Keywords: Jupyter Notebook | Python Modules | %run Command
Abstract: This article provides an in-depth exploration of various methods to execute external Python files within Jupyter Notebook, focusing on the %run command's -i parameter and its limitations. By comparing direct execution with modular import approaches, it details proper namespace sharing and introduces the autoreload extension for live reloading. Complete code examples and best practices are included to help build cleaner, maintainable code structures.
Problem Background and Core Challenge
Jupyter Notebook is widely favored in data science and machine learning workflows for its interactivity. However, as codebases grow, moving logic to external .py files becomes necessary. A common issue users face is that executing via %run script.py does not recognize variables or imported libraries from the Notebook, as %run defaults to a new, isolated namespace.
Basic Solution: Using the -i Parameter with %run
IPython's %run magic command offers the -i option, which runs the external file in the current interactive namespace. This allows the file to access all defined variables, functions, and imported modules in the Notebook.
%run -i script.py
This method is straightforward and suitable for rapid testing and prototyping. For instance, after defining variable x and function f in the Notebook, script.py can directly use these objects for plotting.
Modular Design: A More Pythonic Alternative
While %run -i resolves namespace issues, it can obscure dependencies, reducing code readability and maintainability. A more elegant approach is to design the external file as a module, explicitly passing dependencies via function parameters.
Refactoring into a Reusable Module
Refactor script.py to include clear interfaces:
import matplotlib.pyplot as plt
def plot_function(func, x_values):
"""
Plot the given function over specified x values.
Parameters:
func: Callable function that takes x and returns y
x_values: Array of x-axis values
"""
plt.plot(x_values, func(x_values))
plt.xlabel("Eje $x$", fontsize=16)
plt.ylabel("$f(x)$", fontsize=16)
plt.title("Función $f(x)$")
plt.show()
Importing and Using in Notebook
Import the module and call the function in Jupyter Notebook:
import numpy as np
import script
def f(x):
return np.exp(-x ** 2)
x = np.linspace(-1, 3, 100)
script.plot_function(f, x)
Dynamic Module Reloading with Autoreload
When frequently modifying modules during development, the autoreload extension automatically reloads changes without restarting the kernel.
%load_ext autoreload
%autoreload 1
%aimport script
Once configured, any changes to script.py take effect on the next call, maintaining a seamless development workflow.

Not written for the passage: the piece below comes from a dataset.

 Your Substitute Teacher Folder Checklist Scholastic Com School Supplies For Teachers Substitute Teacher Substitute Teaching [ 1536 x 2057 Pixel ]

Comparison and Best Practices
Direct Execution (%run -i): Ideal for quick experiments but not recommended for long-term projects due to hidden dependencies.
Modular Approach: Enhances testability, reusability, and clarity, making it the preferred choice for production environments.

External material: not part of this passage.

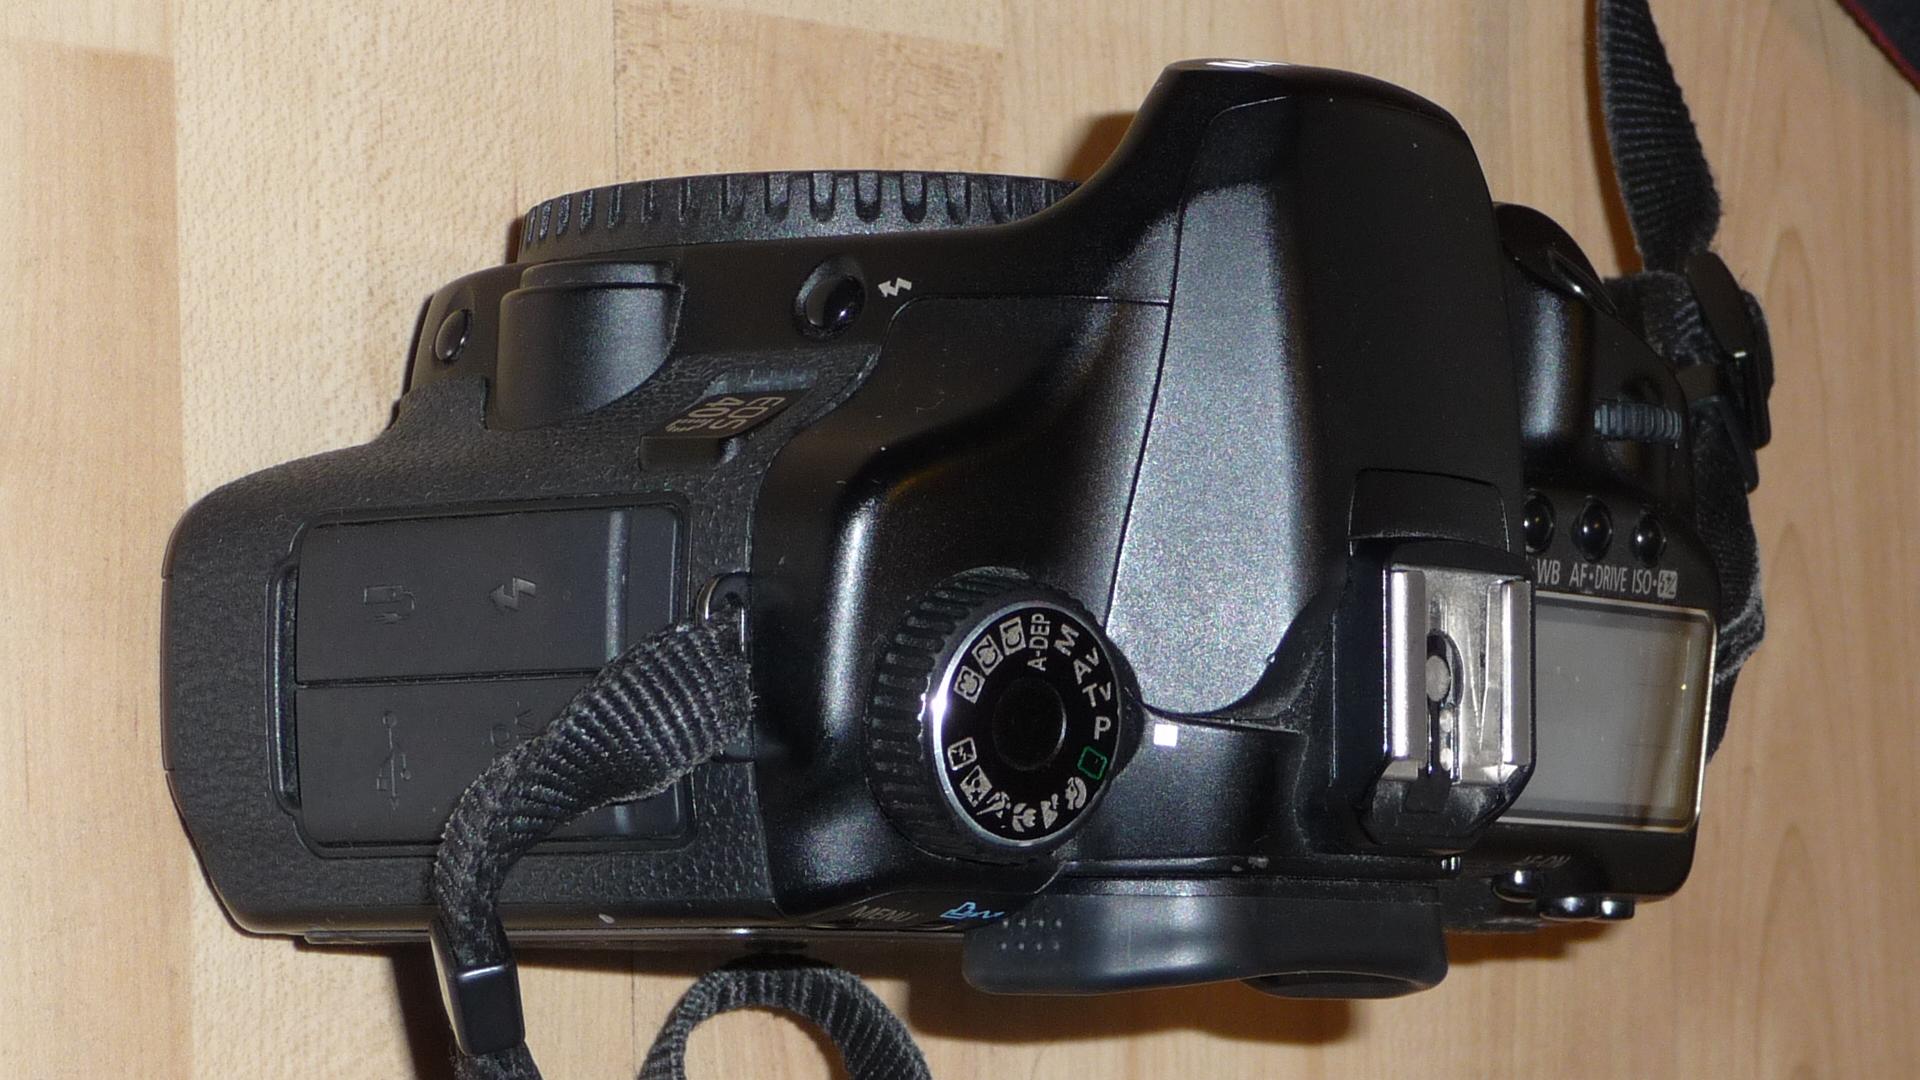 54433_Canon40D-4_122_554lo.JPG

Selection should be based on project phase and team standards: use %run -i for prototyping and modular design for complex projects.

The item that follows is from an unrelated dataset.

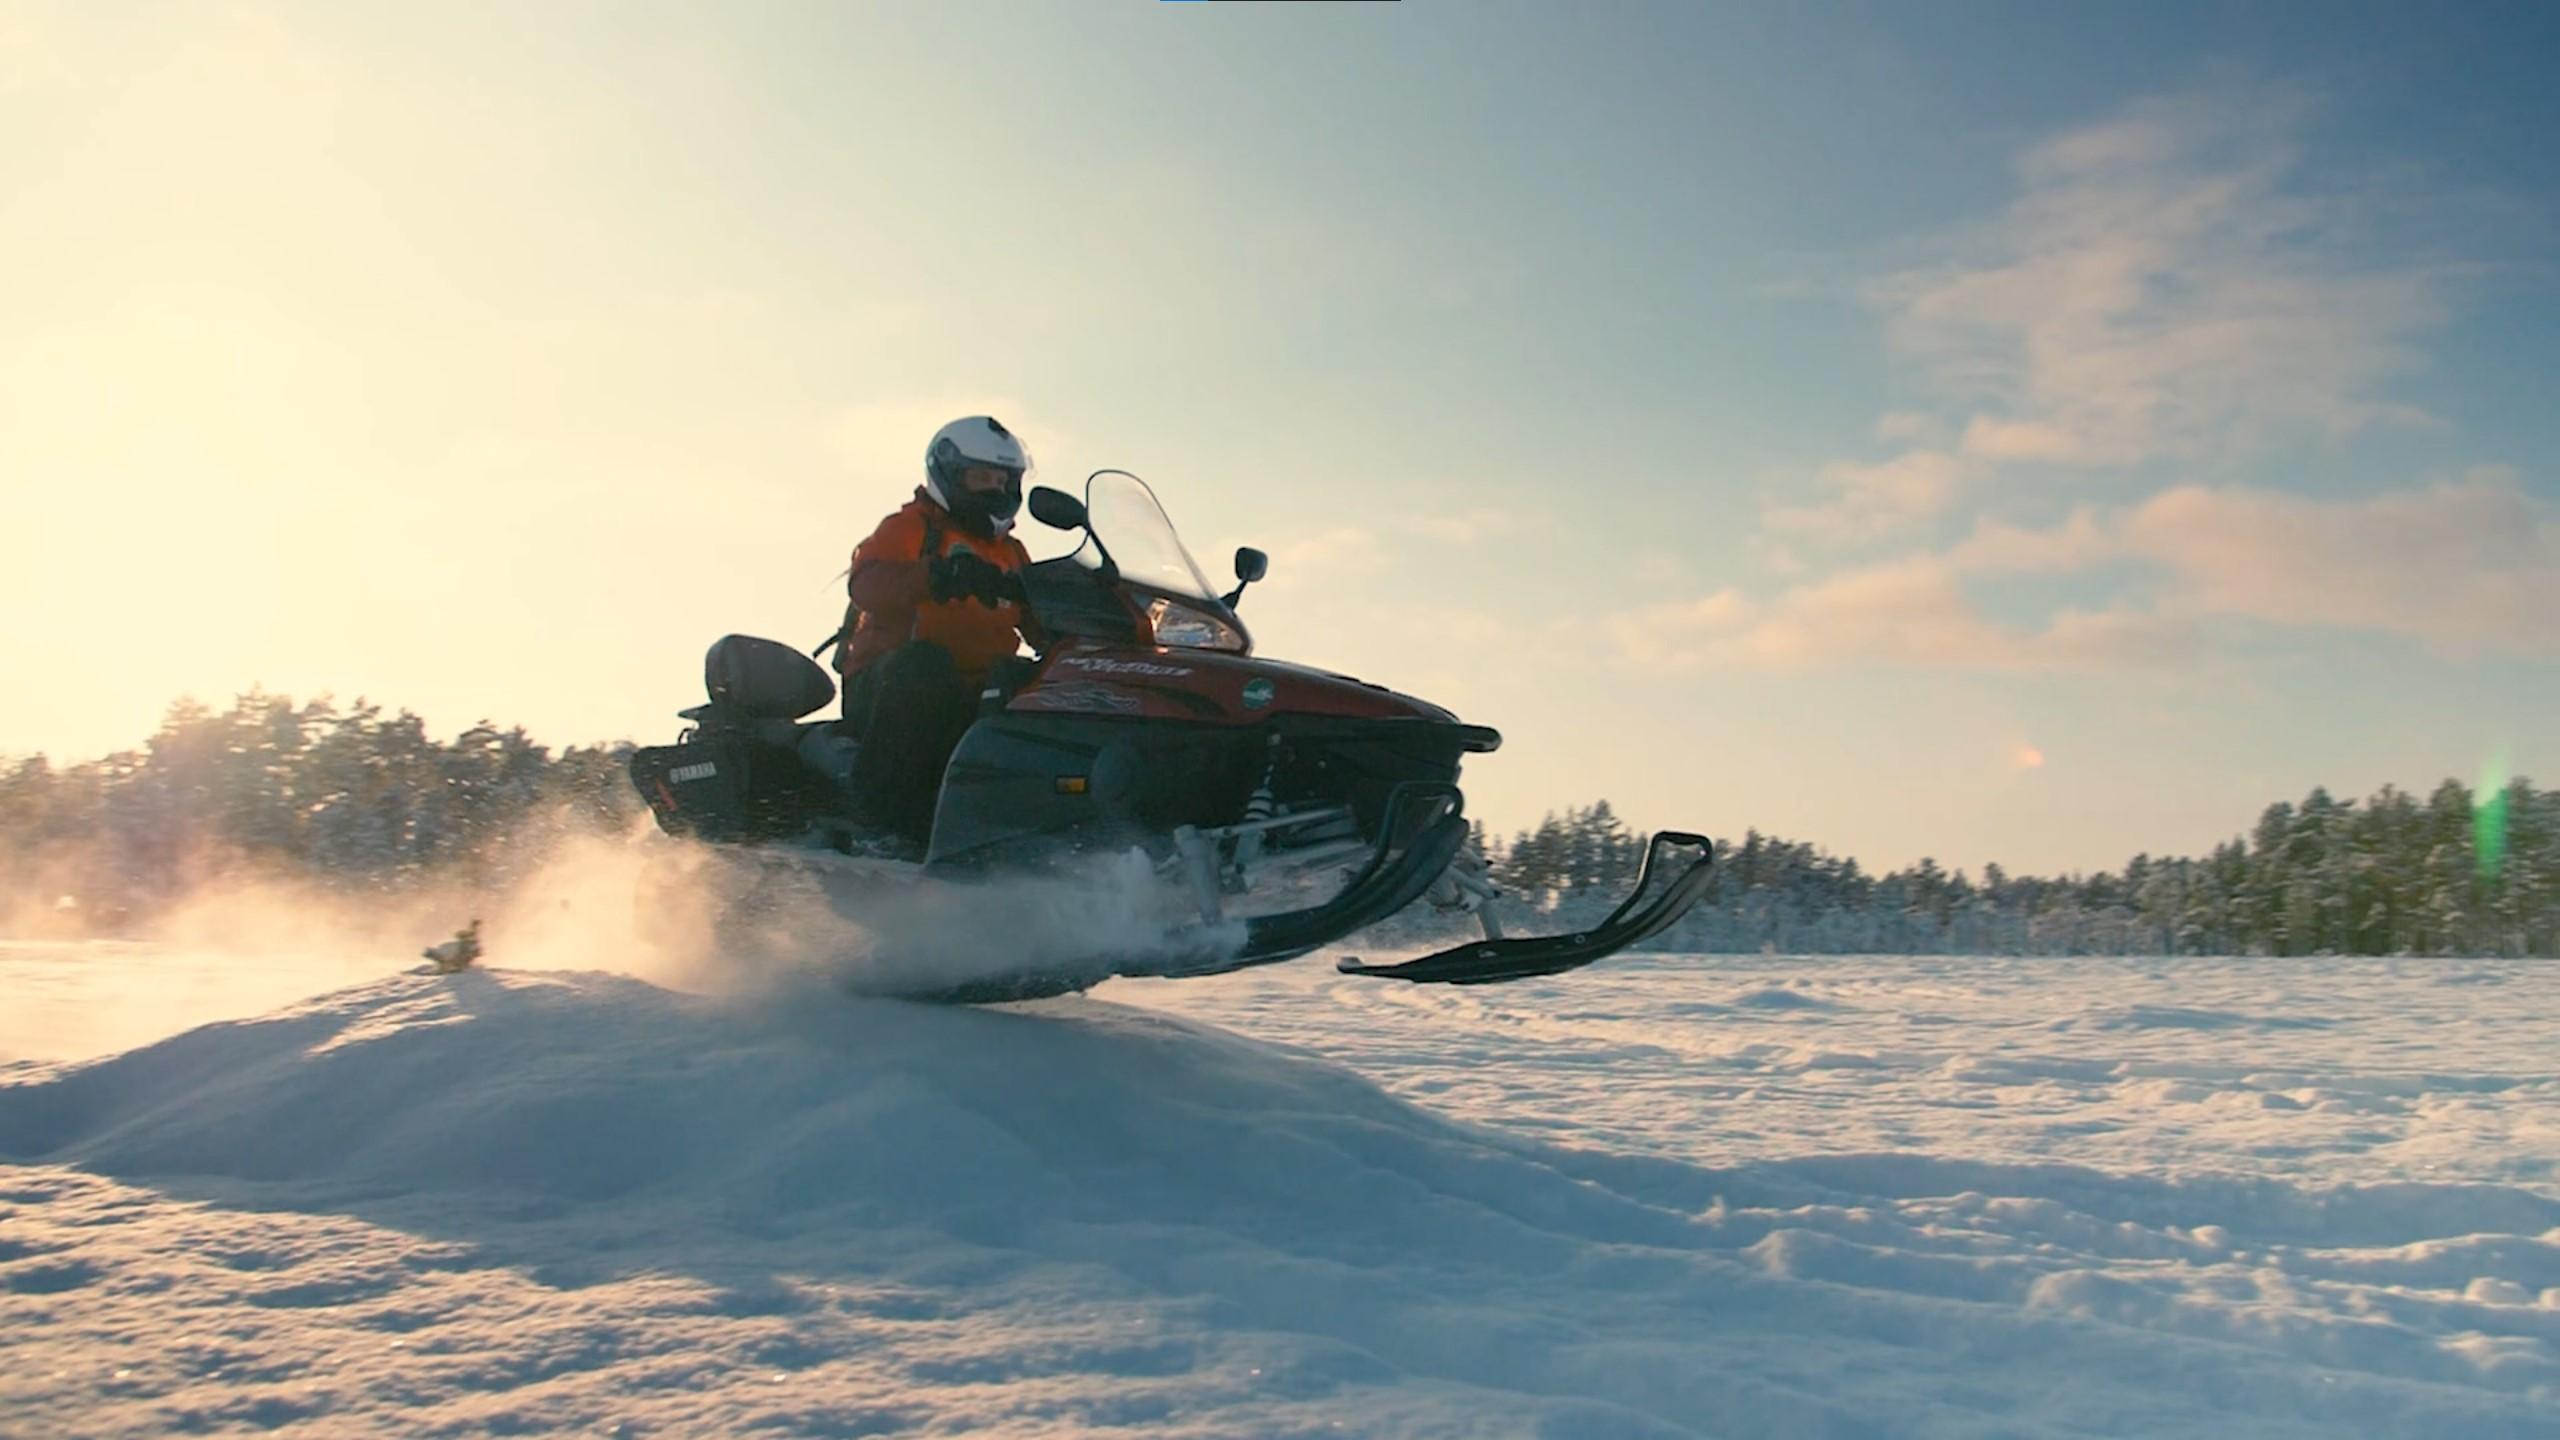 Snowmobile doing a jump in winterlandscape

Additional Execution Methods
Using system commands: !python script.py, but this also faces namespace isolation and lacks IPython's interactive features.
Conclusion
By effectively using %run -i or adopting a modular architecture, large codebases can be efficiently managed in Jupyter Notebook. The modular method, though requiring more upfront design, offers significant benefits for long-term maintenance and collaboration.